With the pictures left out, transcribe exactly the lines from the one with "Close up bumble" through the end of the data.

╭─ Data excerpt

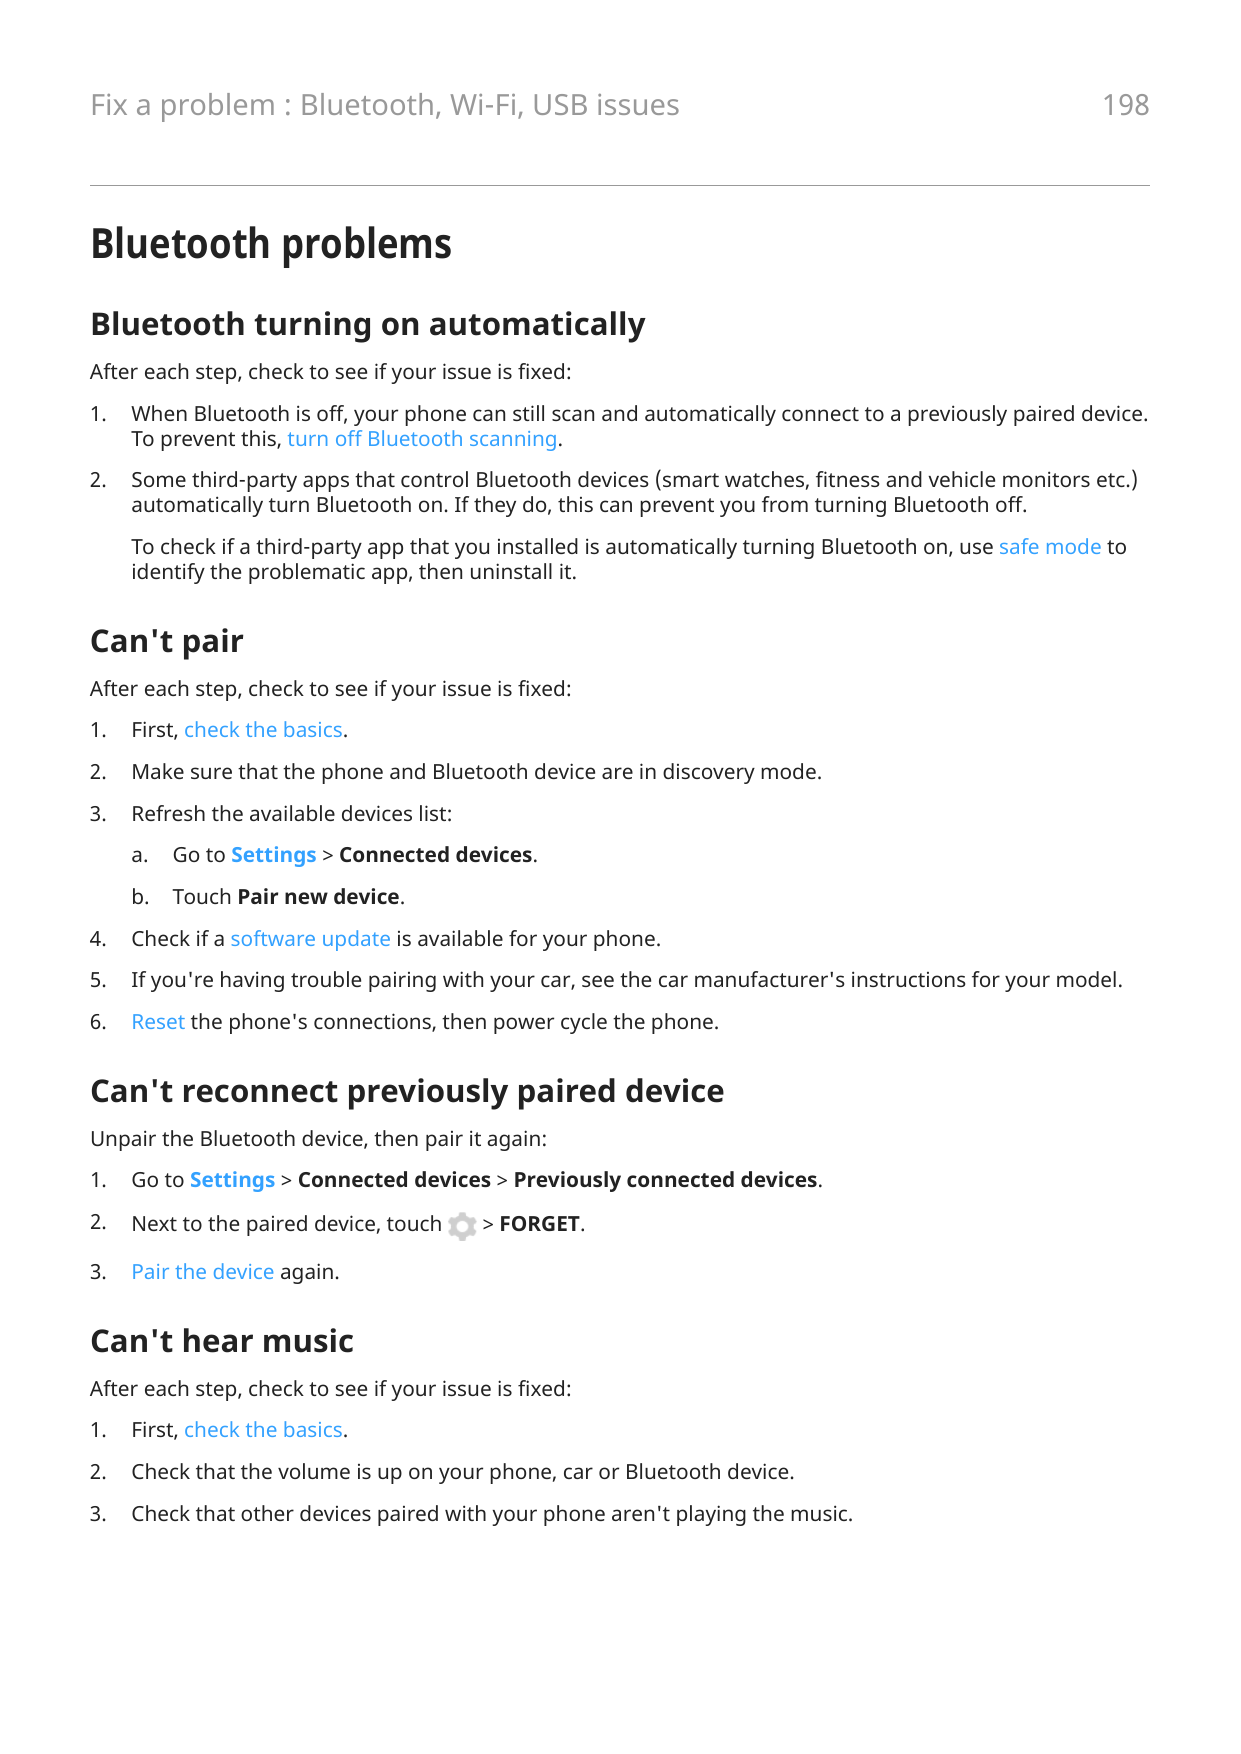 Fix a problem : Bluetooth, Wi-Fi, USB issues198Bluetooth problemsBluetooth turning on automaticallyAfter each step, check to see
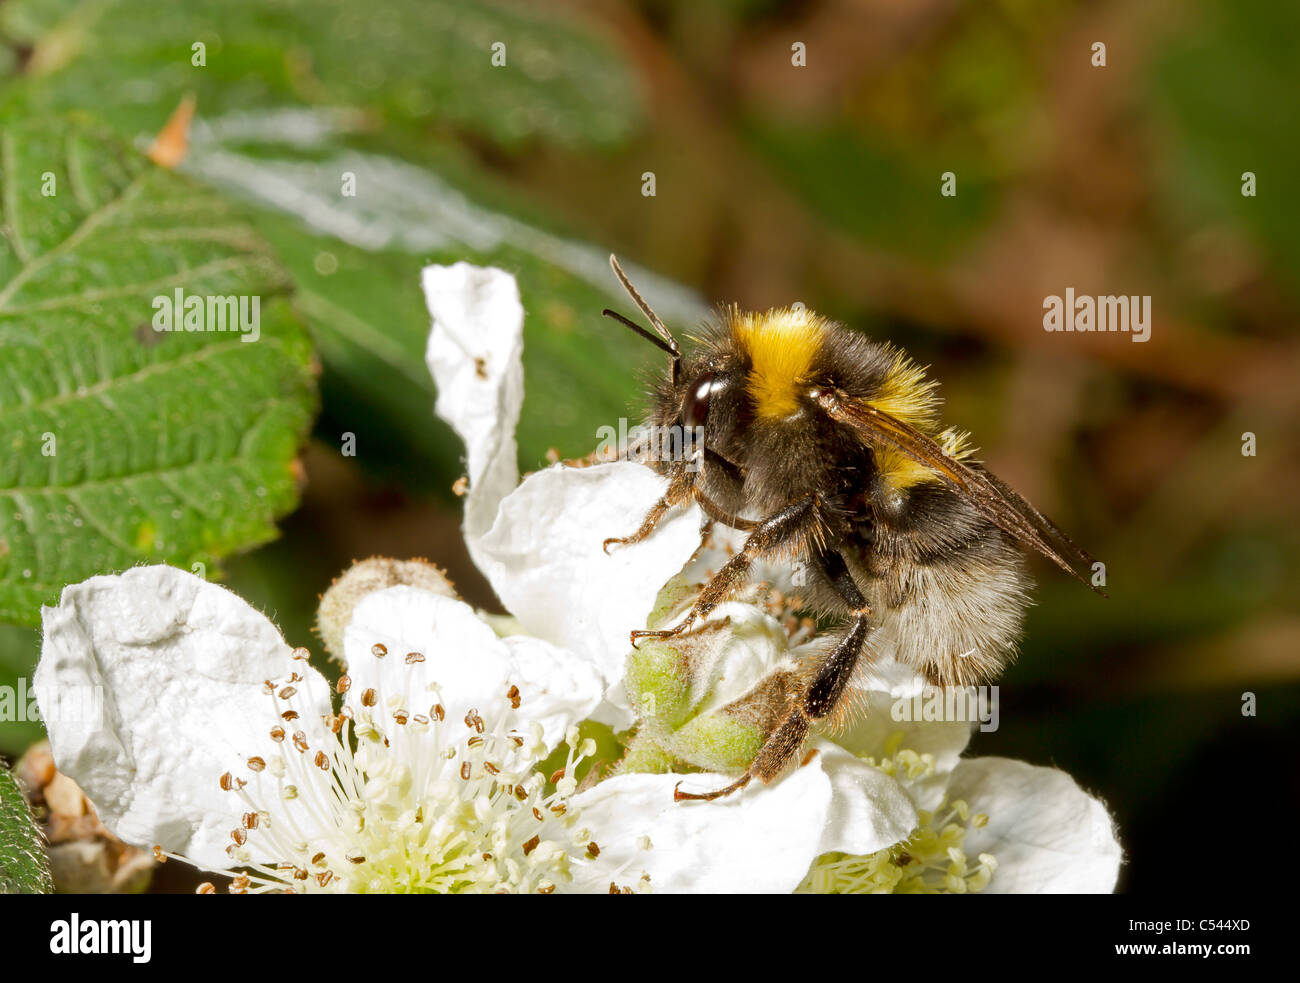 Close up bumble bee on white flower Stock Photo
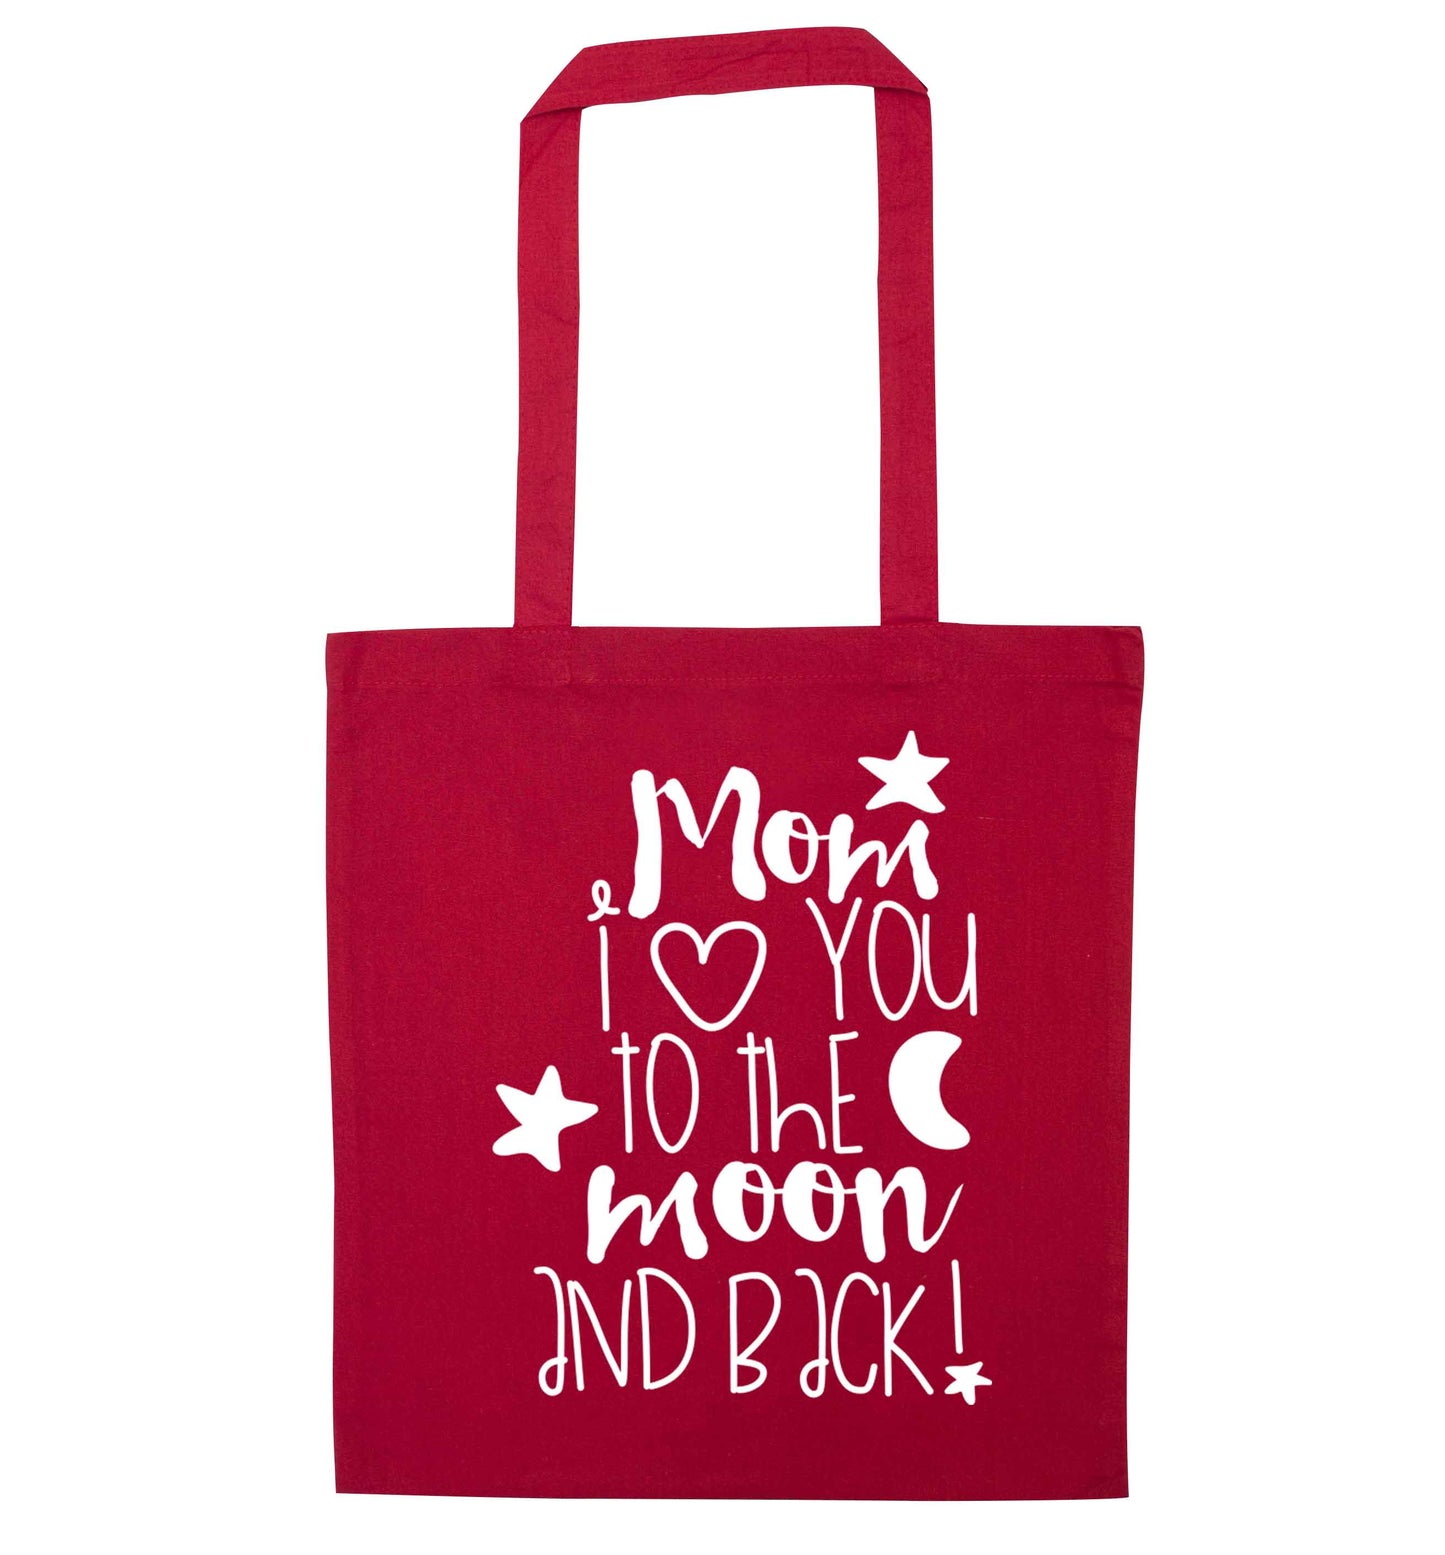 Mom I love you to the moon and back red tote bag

╰─

__Task solution__
 Close up bumble bee on white flower Stock Photo
 Mom I love you to the moon and back red tote bag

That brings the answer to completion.